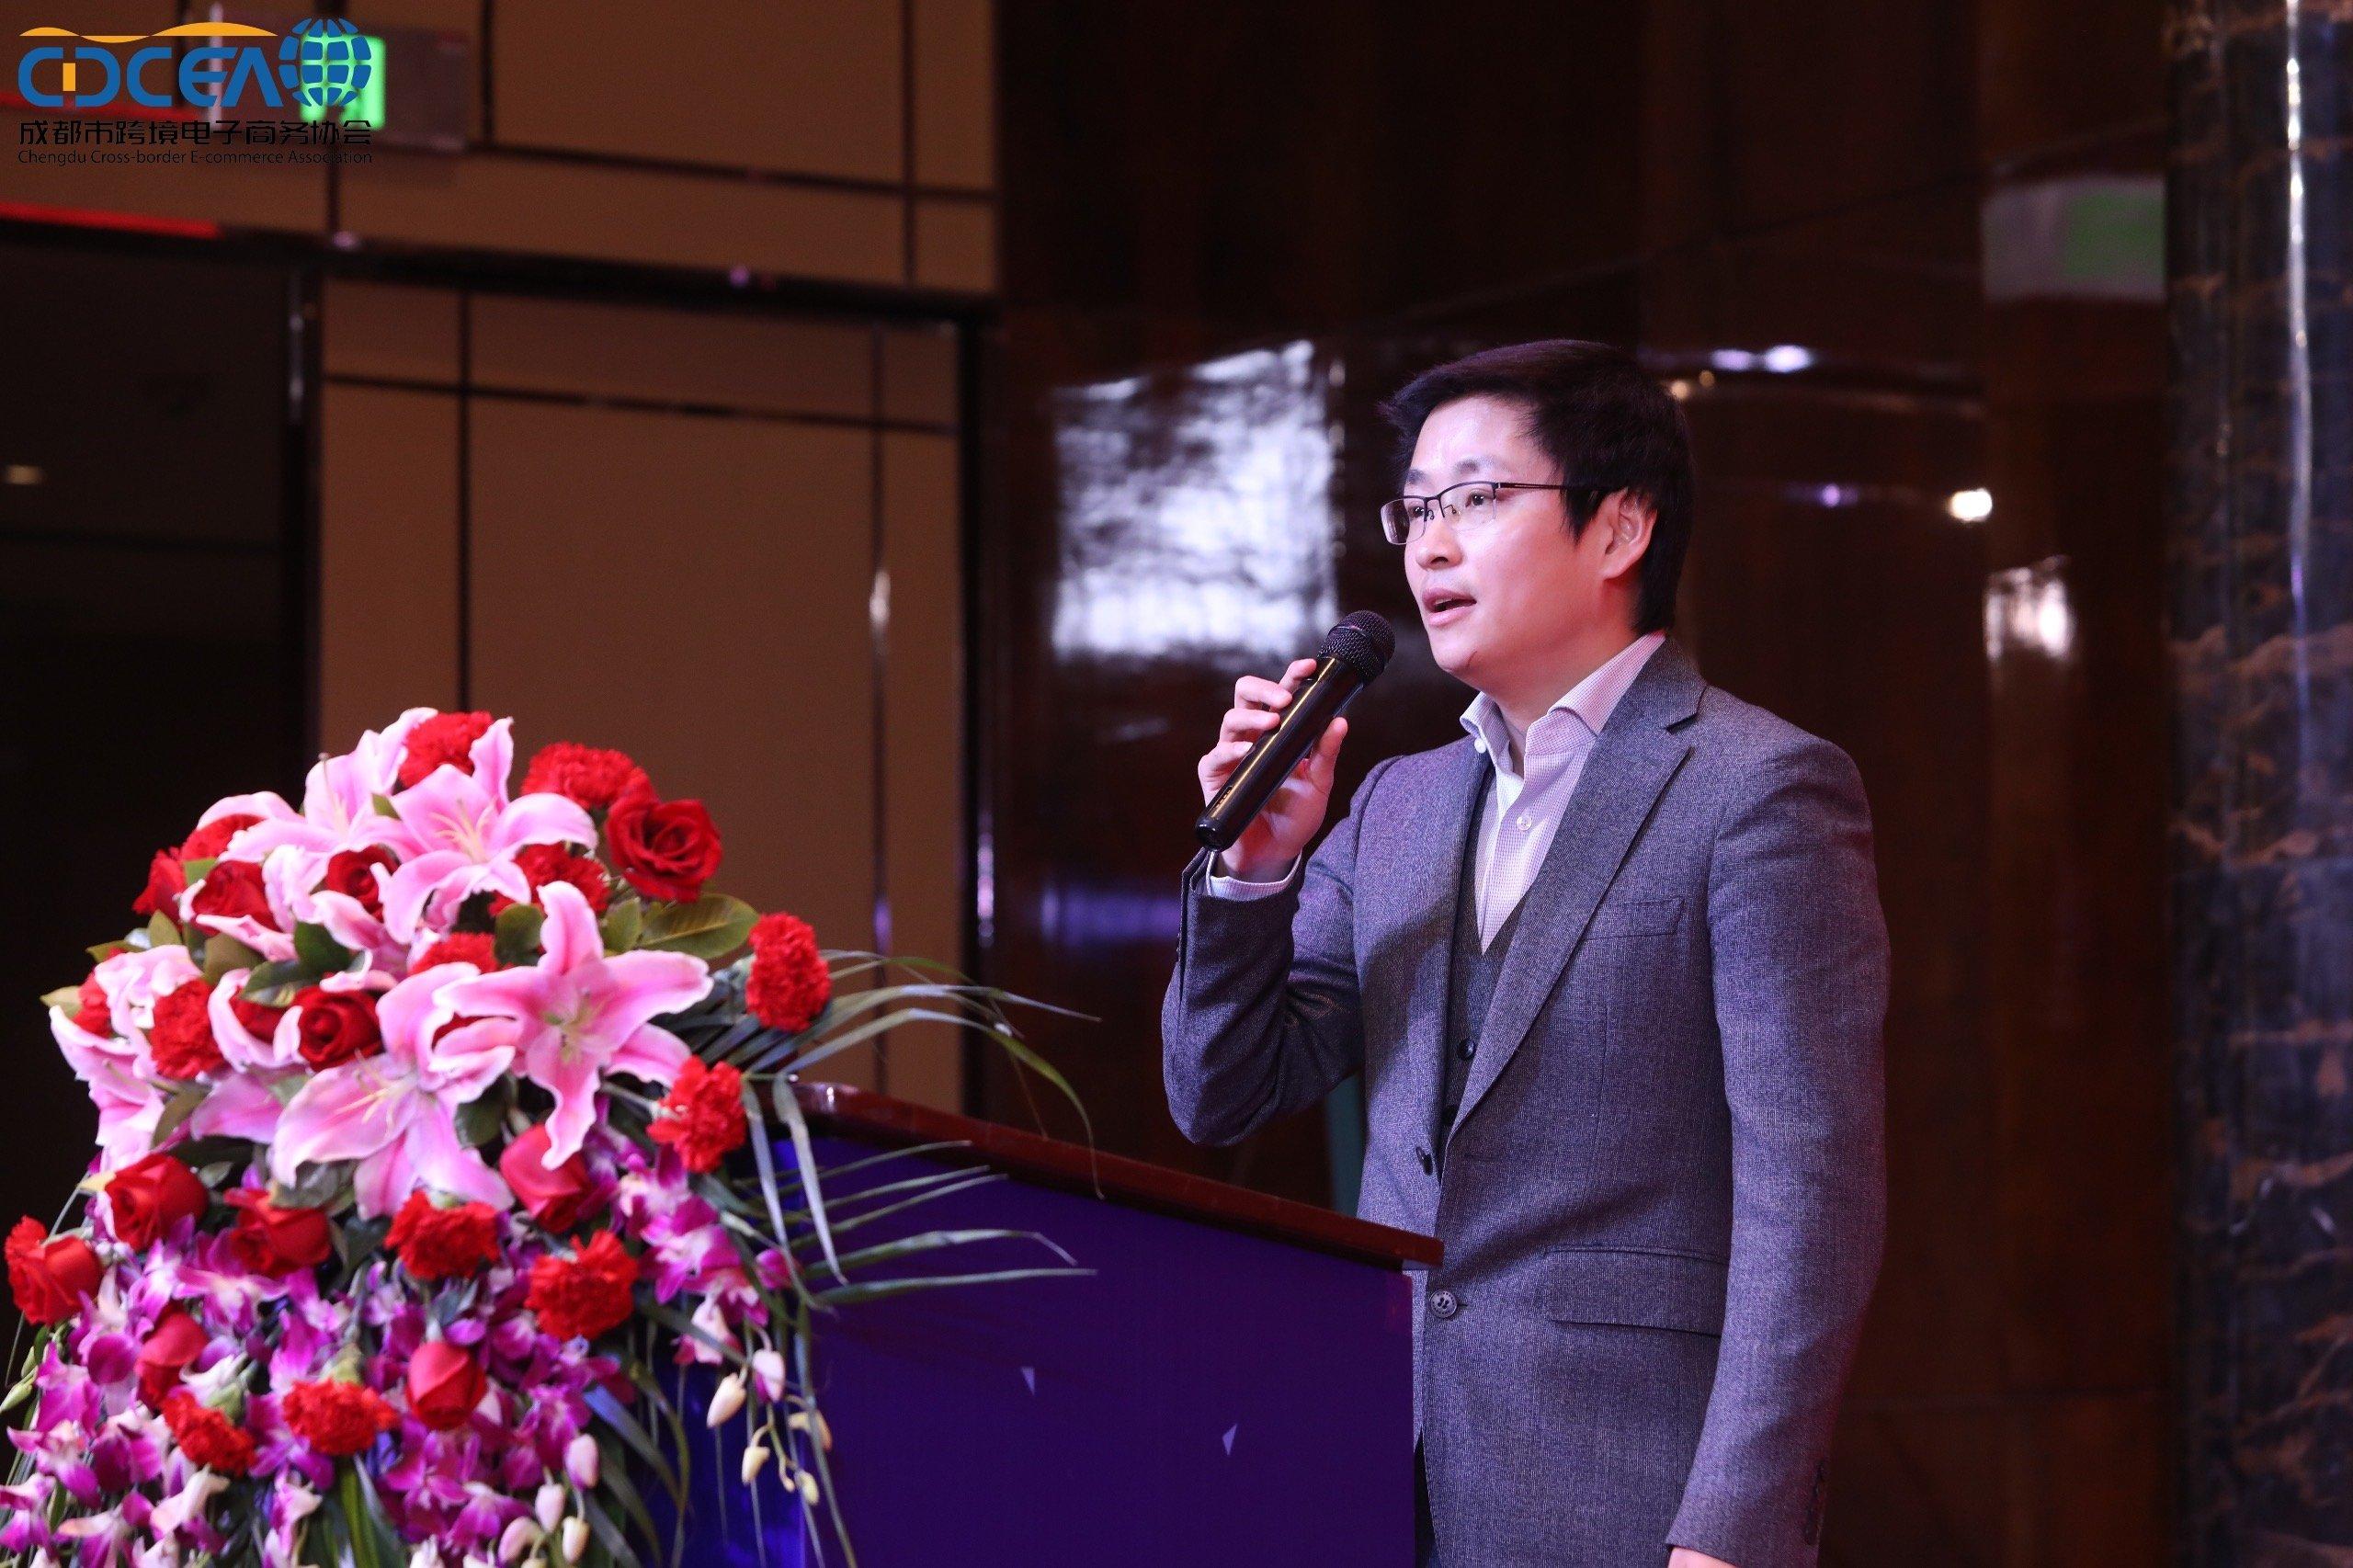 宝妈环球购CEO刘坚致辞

################

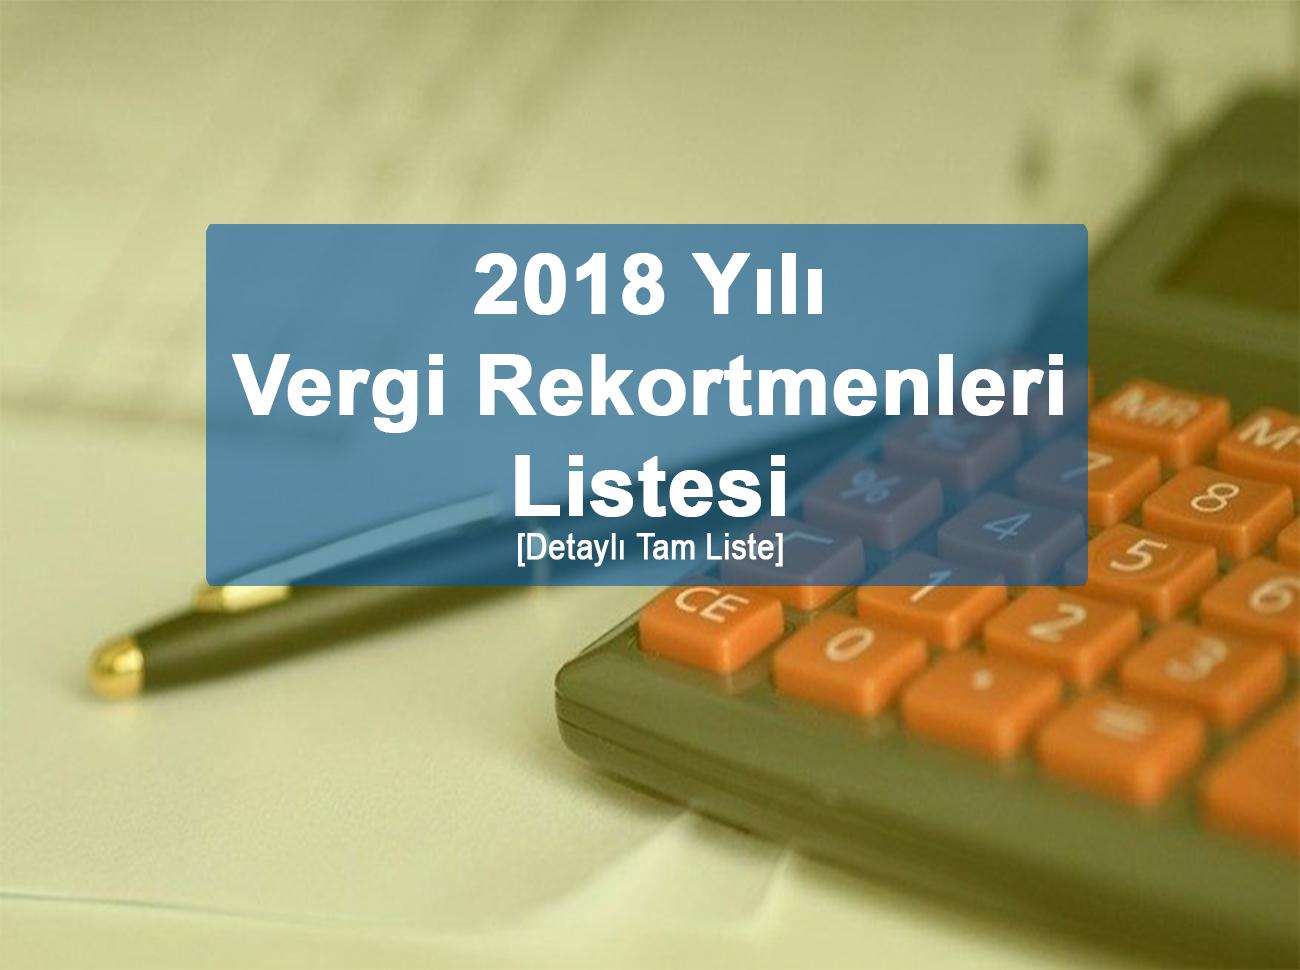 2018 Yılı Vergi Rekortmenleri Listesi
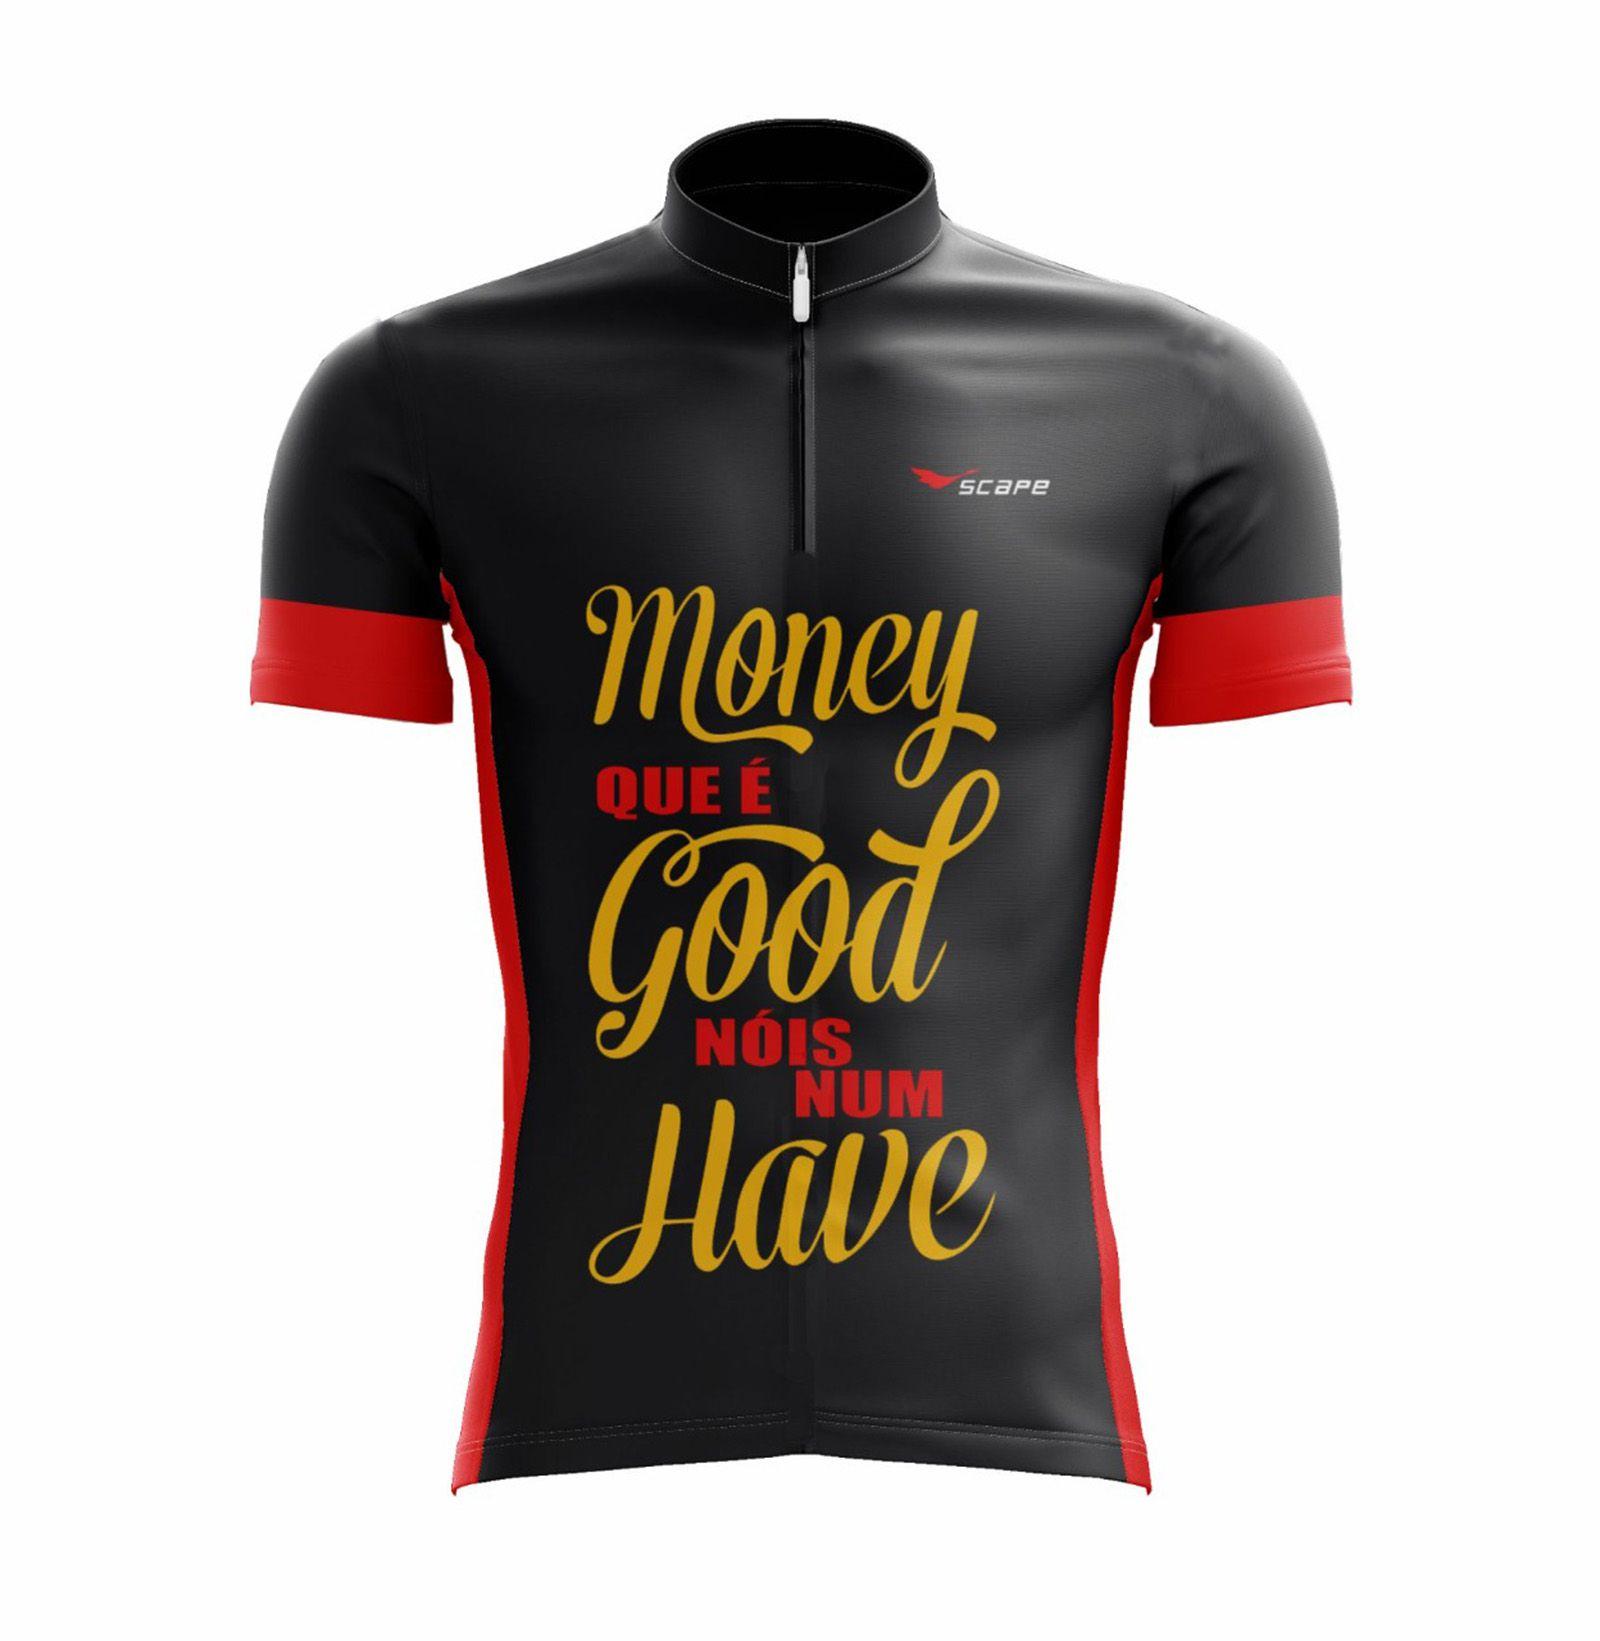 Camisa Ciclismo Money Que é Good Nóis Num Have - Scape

################

Problem statement: Look back at the data above, then output exactly the lines from the line holding "2018 Yılı Vergi Rekortmenleri Listesi" up to and including the line holding "Camisa Ciclismo Money". Leave out the pictures.

Written reply:
 2018 Yılı Vergi Rekortmenleri Listesi
 Camisa Ciclismo Money Que é Good Nóis Num Have - Scape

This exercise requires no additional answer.